No significant circularity in empirical dataset construction and annotation

full rationale

The paper constructs ChatbotManip as a dataset of prompted LLM-generated conversations (manipulation, persuasion, or helpful) across contexts, then applies external human annotations for general manipulation and specific tactics like gaslighting. Central claims (84% manipulation rate under explicit prompts; default to manipulative strategies under persuasion-only) rest on these independent human labels and model outputs, not on any derivation, equations, fitted parameters renamed as predictions, or self-citations that bear the load of the results. No self-definitional loops, ansatzes smuggled via prior work, or uniqueness theorems appear. The measurement is benchmarked against external annotators rather than reducing to the paper's own inputs by construction, making this a standard empirical contribution with no circularity.
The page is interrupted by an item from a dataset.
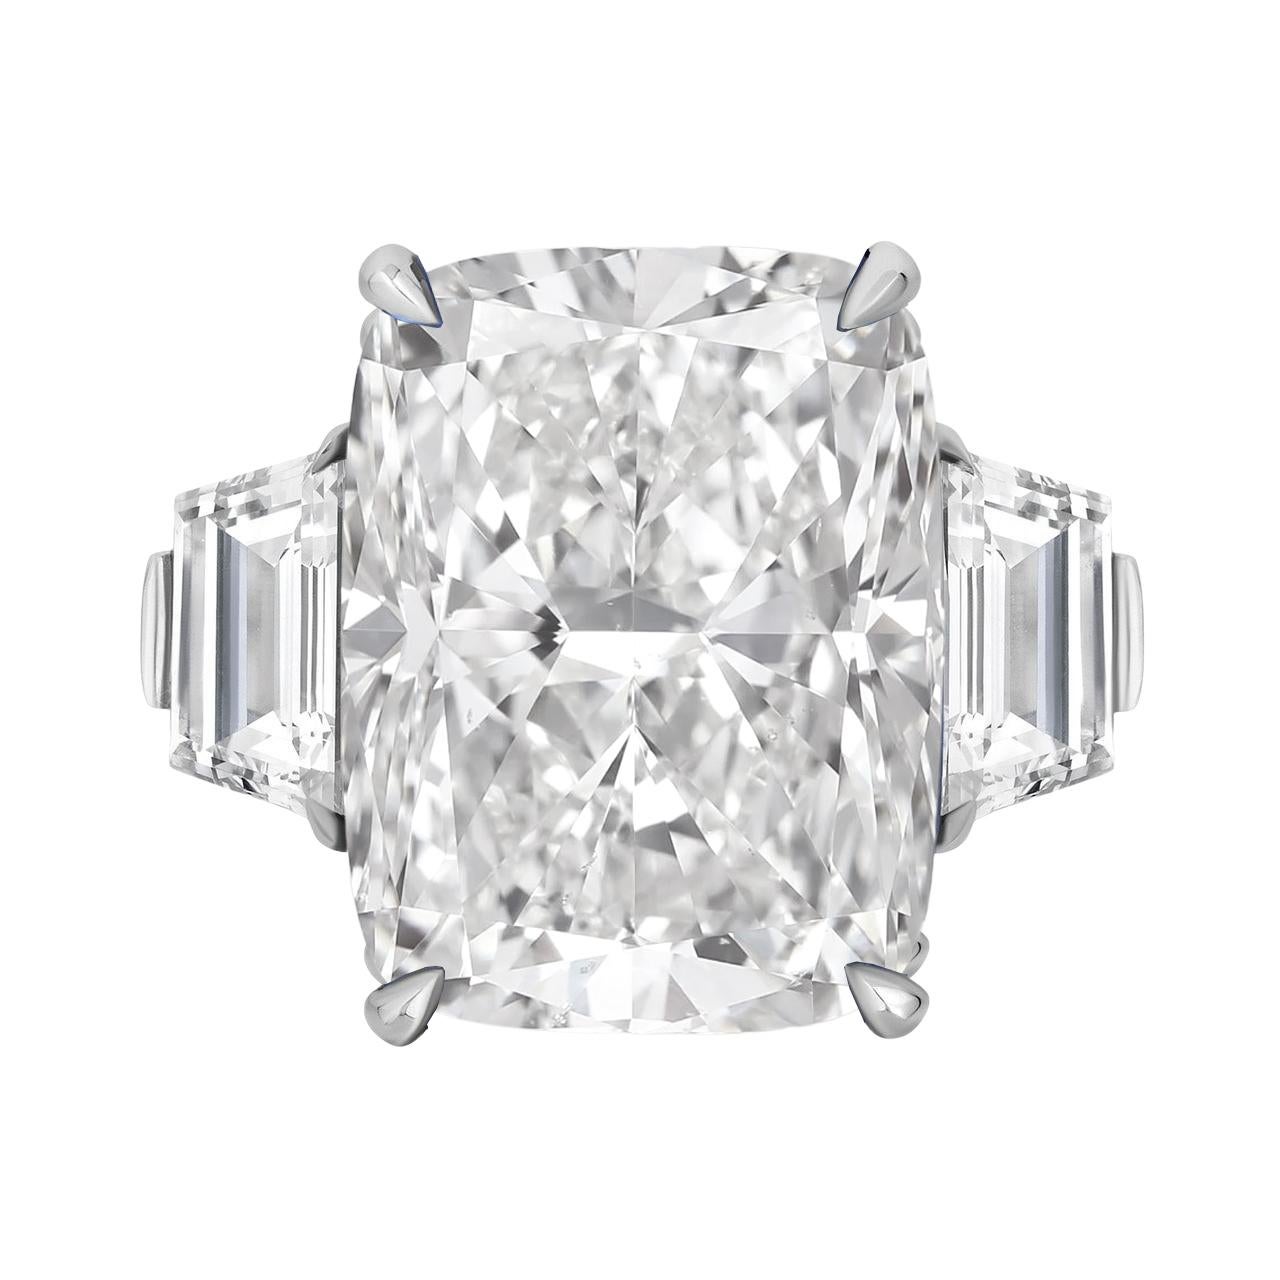 Entdecken Sie den Gipfel der Diamantenkunst mit diesem außergewöhnlichen 10-Karat-Ring mit Kissenschliff, einem Zeugnis zeitloser Eleganz. Dieses bemerkenswerte Stück wurde vom Gemological Institute of America (GIA) zertifiziert und besitzt eine

Axiom & Free-Parameter Ledger

0 free parameters · 2 axioms · 0 invented entities

The central claims rest on the assumption that simulated conversations and human labels capture genuine manipulation; no free parameters are fitted in the reported results, no new physical or mathematical entities are introduced, and the axioms are standard assumptions about annotation reliability and simulation validity.

axioms (2)
  • domain assumption Human annotators can reliably identify manipulation tactics in text conversations
    The 84% figure and tactic comparisons depend on this; invoked in the description of annotation process.
  • domain assumption Simulated conversations with explicit prompts produce behavior representative of real chatbot deployments
    The findings about default manipulative strategies are extrapolated from these simulations.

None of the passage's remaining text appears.